The Commissioner for Establishments, Training and Pensions, Dr. Akintola Oke, stated this during the state’s 38th retirement bond certificate presentation in Lagos on Friday.
“The Lagos State Government has never failed to remit monthly contributions into the Retirement Savings Accounts maintained by its workers with 10 Pension Fund Administrators,” he said.
Oke noted that 311 retirees would have their RSAs credited with accrued pension rights of N1.6bn, made up of gratuity and pension benefits under the Defined Benefits Scheme for employees who transited to the Defined Contributory Scheme during the bond presentation.
The Director-General, Lagos State Pension Commission, Mrs. Folashade Onanuga, said the state had paid N27.4bn to retirees less than two years.

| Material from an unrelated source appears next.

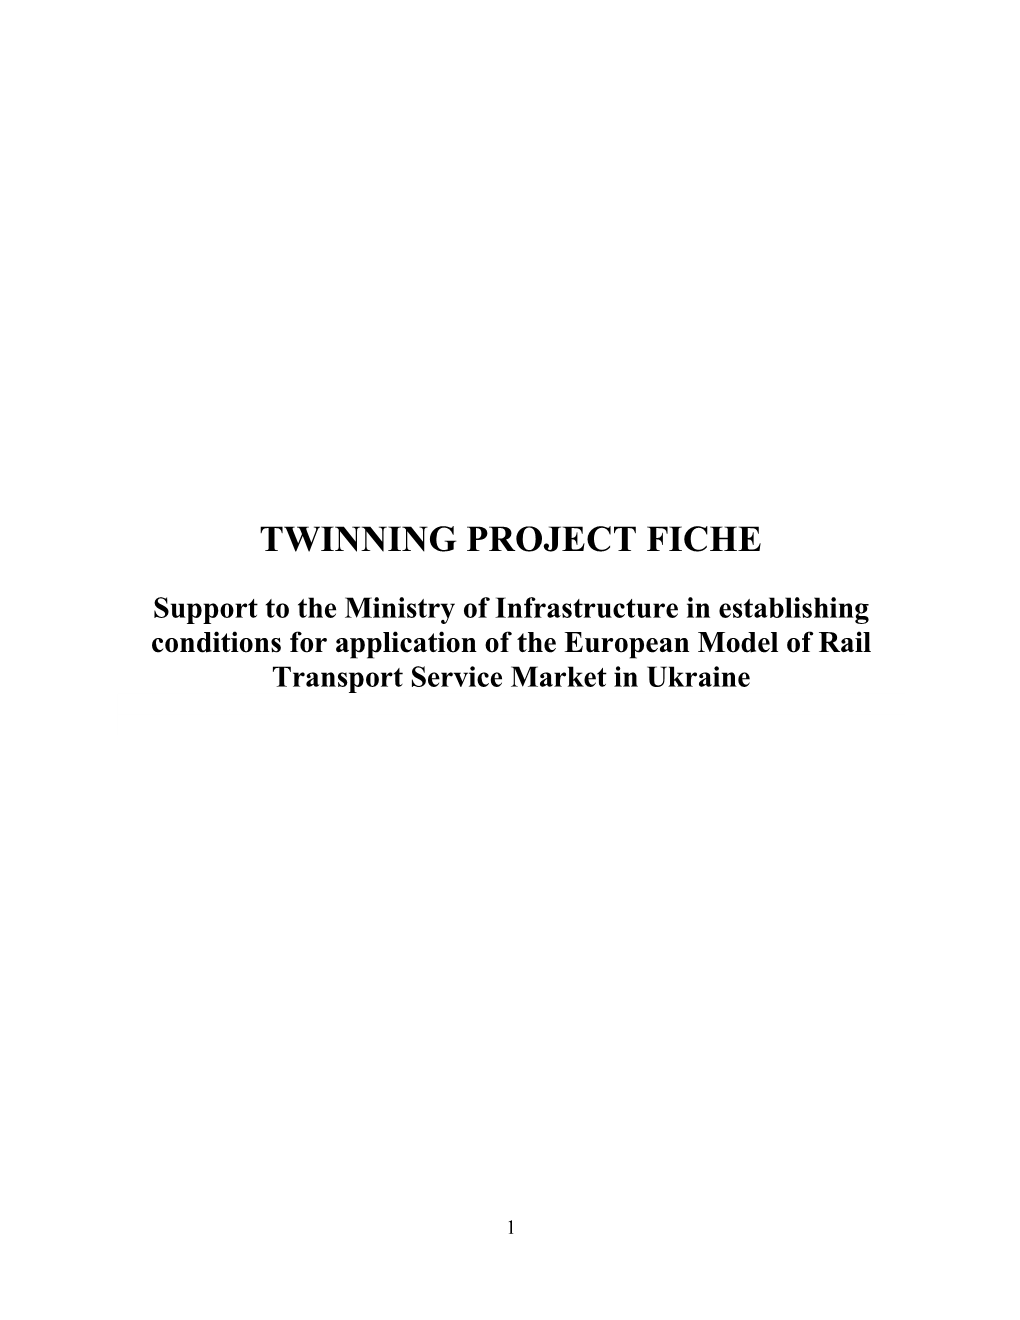 Twinning Project Fiche

“In a period of less than two years, from August 2015 to April 2017, the state government through LASPEC, has paid accrued pension rights in the sum of N27.4bn into the RSAs of 6,267 retirees. Accrued pension rights previously paid before the current administration amounts to N33.6bn to 7,409 retirees,” she stated.
Since the commencement of the retirement benefits bond certificate presentation in 2010, she said the state had paid about N61.4bn to over 13,676 retirees/withdrawn staff.
“In addition, the state government through the commission has paid to named beneficiaries of deceased employees insurance benefits of N12.5m for the month of April. This brings the total of death benefits to N182.5m from August 2015 to date,” Onanuga explained.
The LASPEC boss informed the retirees of the two exit options for receiving their monthly pensions, which are programmed withdrawal and annuity.
She enjoined all the beneficiaries to take good care of their health and physical well-being as well as desist from frivolous spending.